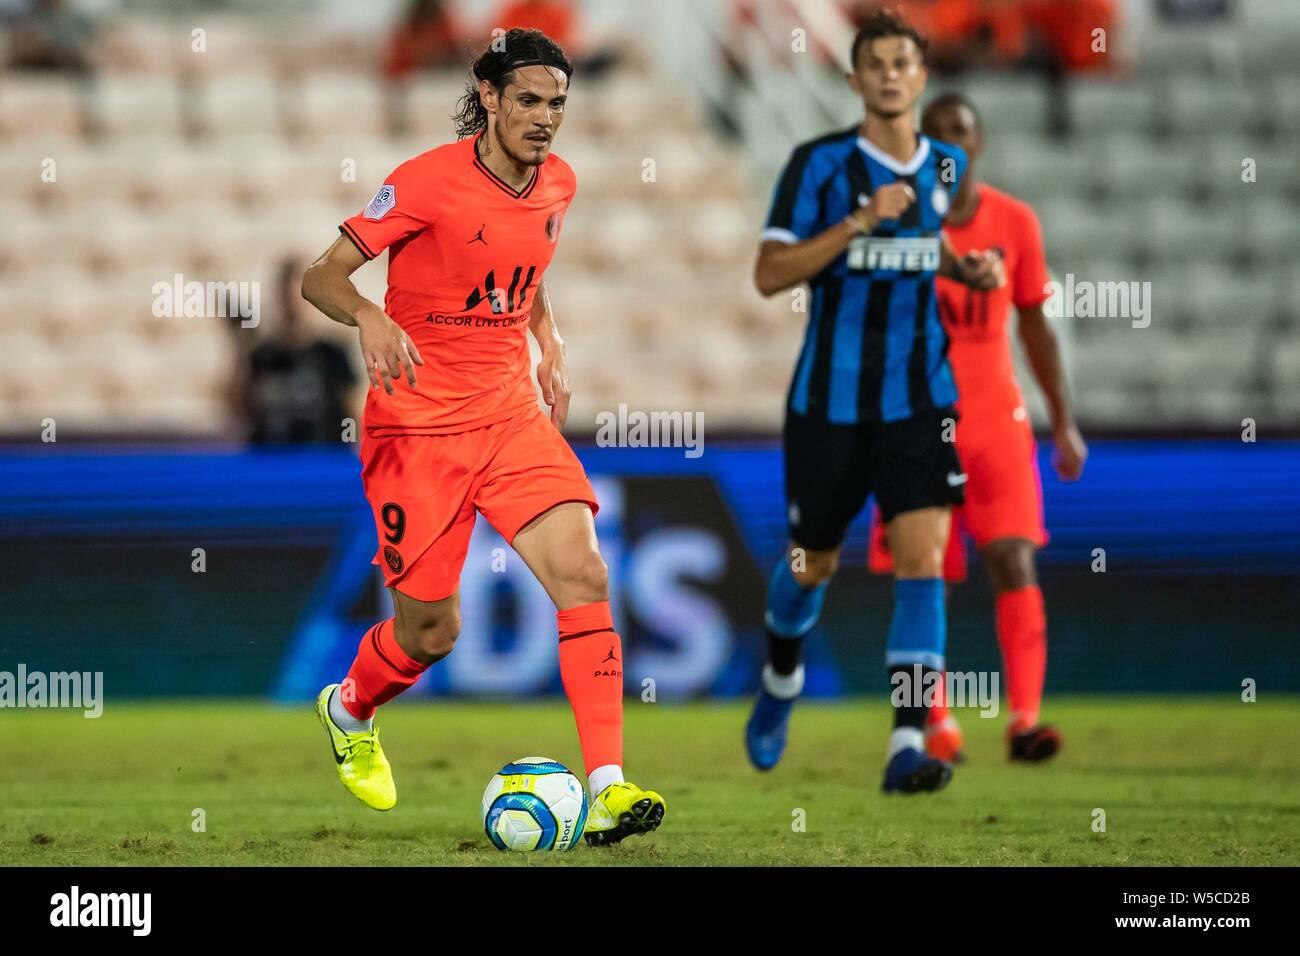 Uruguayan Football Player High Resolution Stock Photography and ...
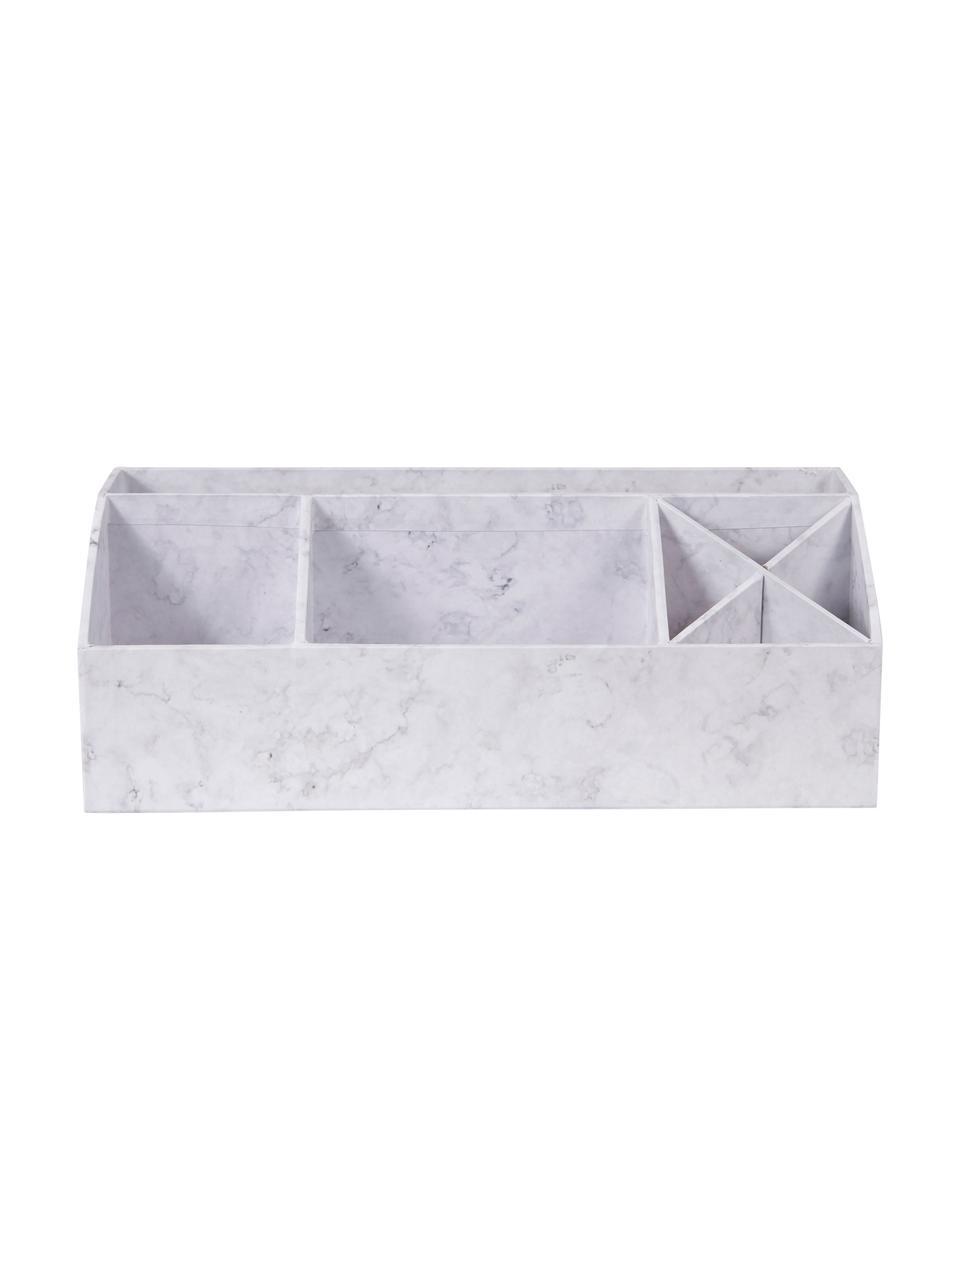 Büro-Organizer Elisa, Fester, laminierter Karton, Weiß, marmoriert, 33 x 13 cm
※
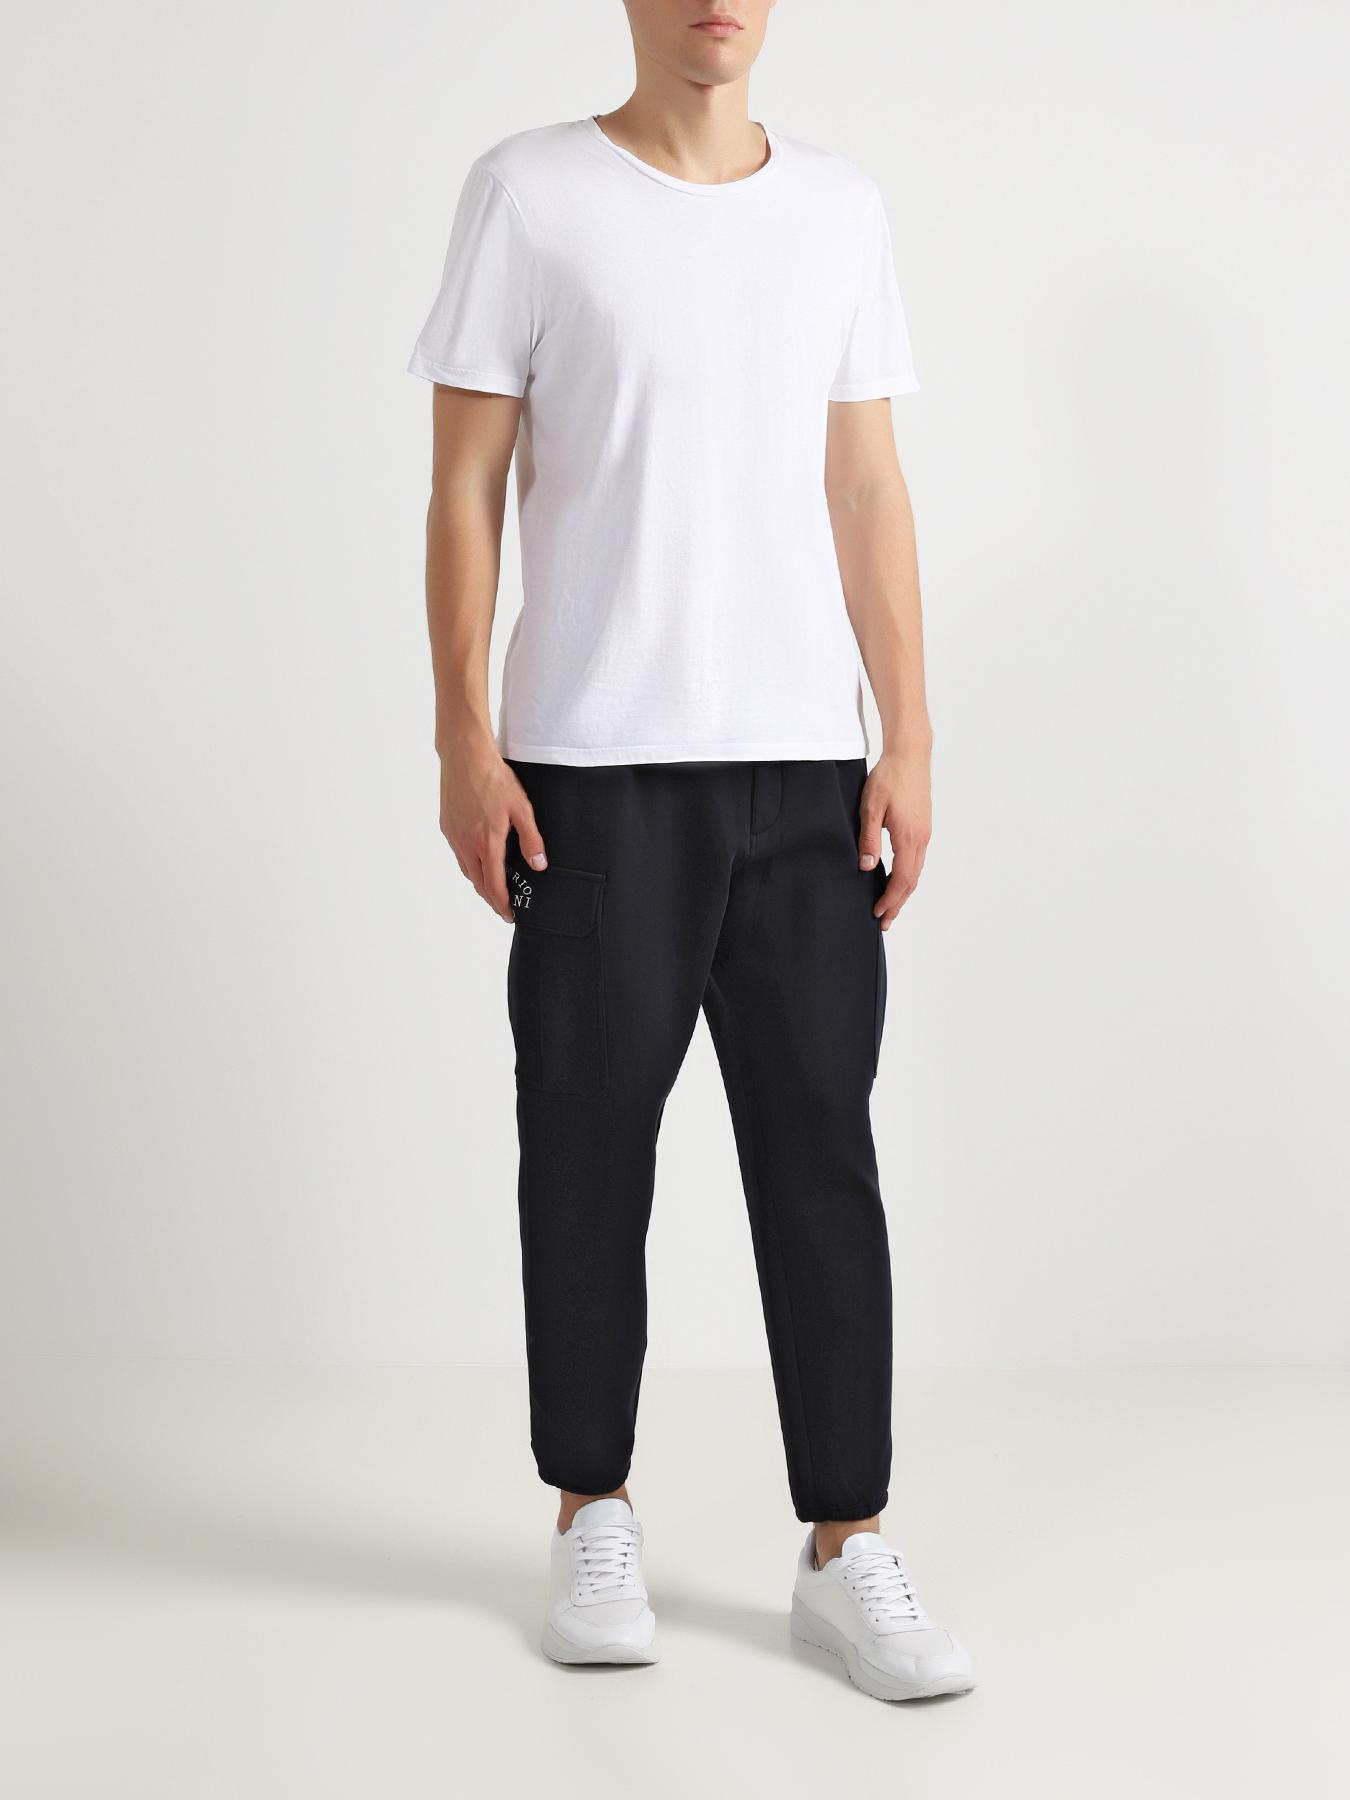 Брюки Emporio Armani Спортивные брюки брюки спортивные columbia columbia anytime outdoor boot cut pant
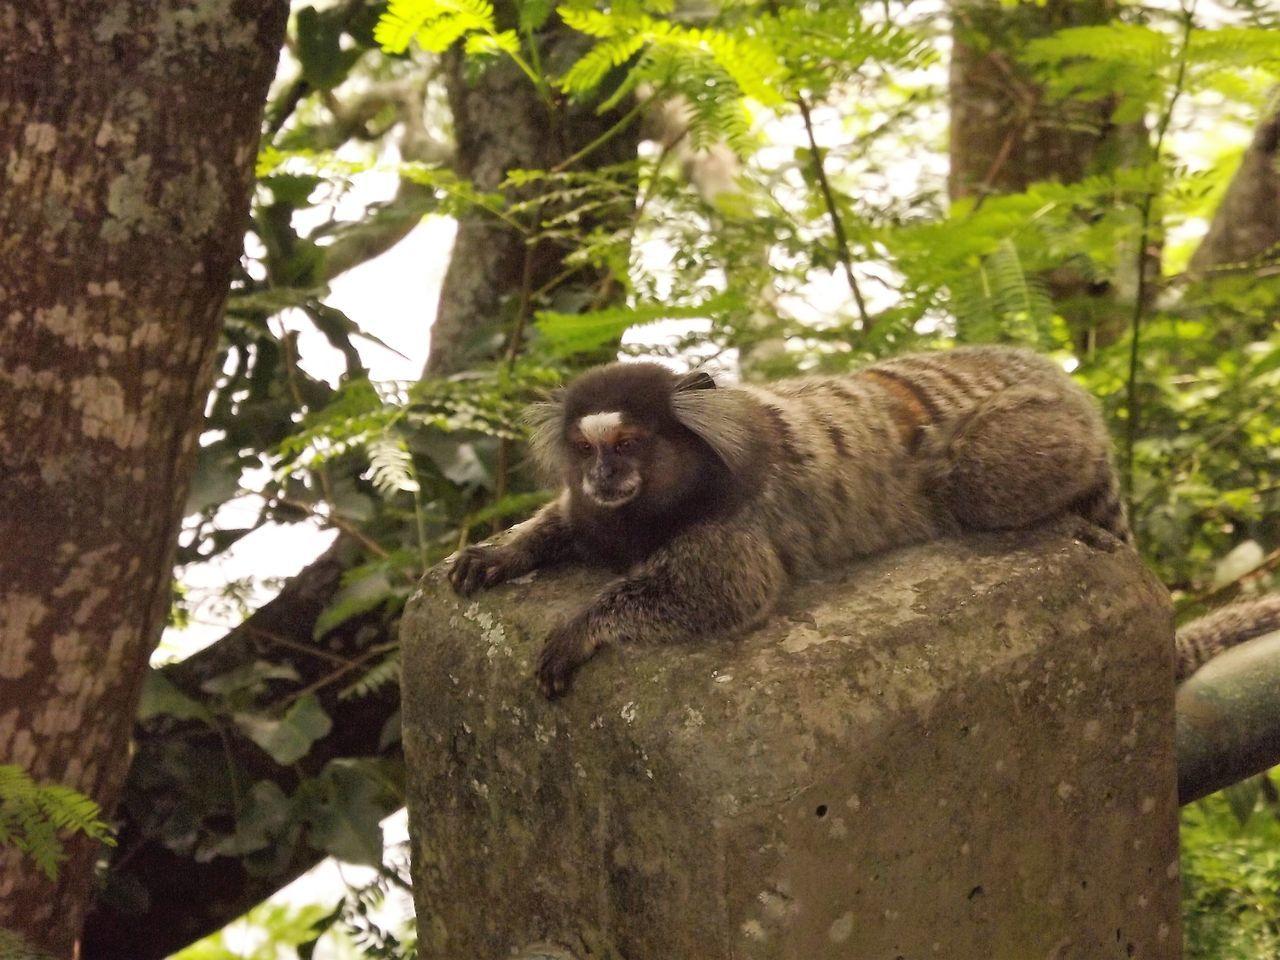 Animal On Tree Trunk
※
Exercise prompt: A clean copy is needed of the lines in the listing above from the one with "Uruguayan Football Player" through the one with "Büro-Organizer Elisa, Fester, laminierter", exact in every word and free of pictures.

Output of the task:
 Uruguayan Football Player High Resolution Stock Photography and ...
 Büro-Organizer Elisa, Fester, laminierter Karton, Weiß, marmoriert, 33 x 13 cm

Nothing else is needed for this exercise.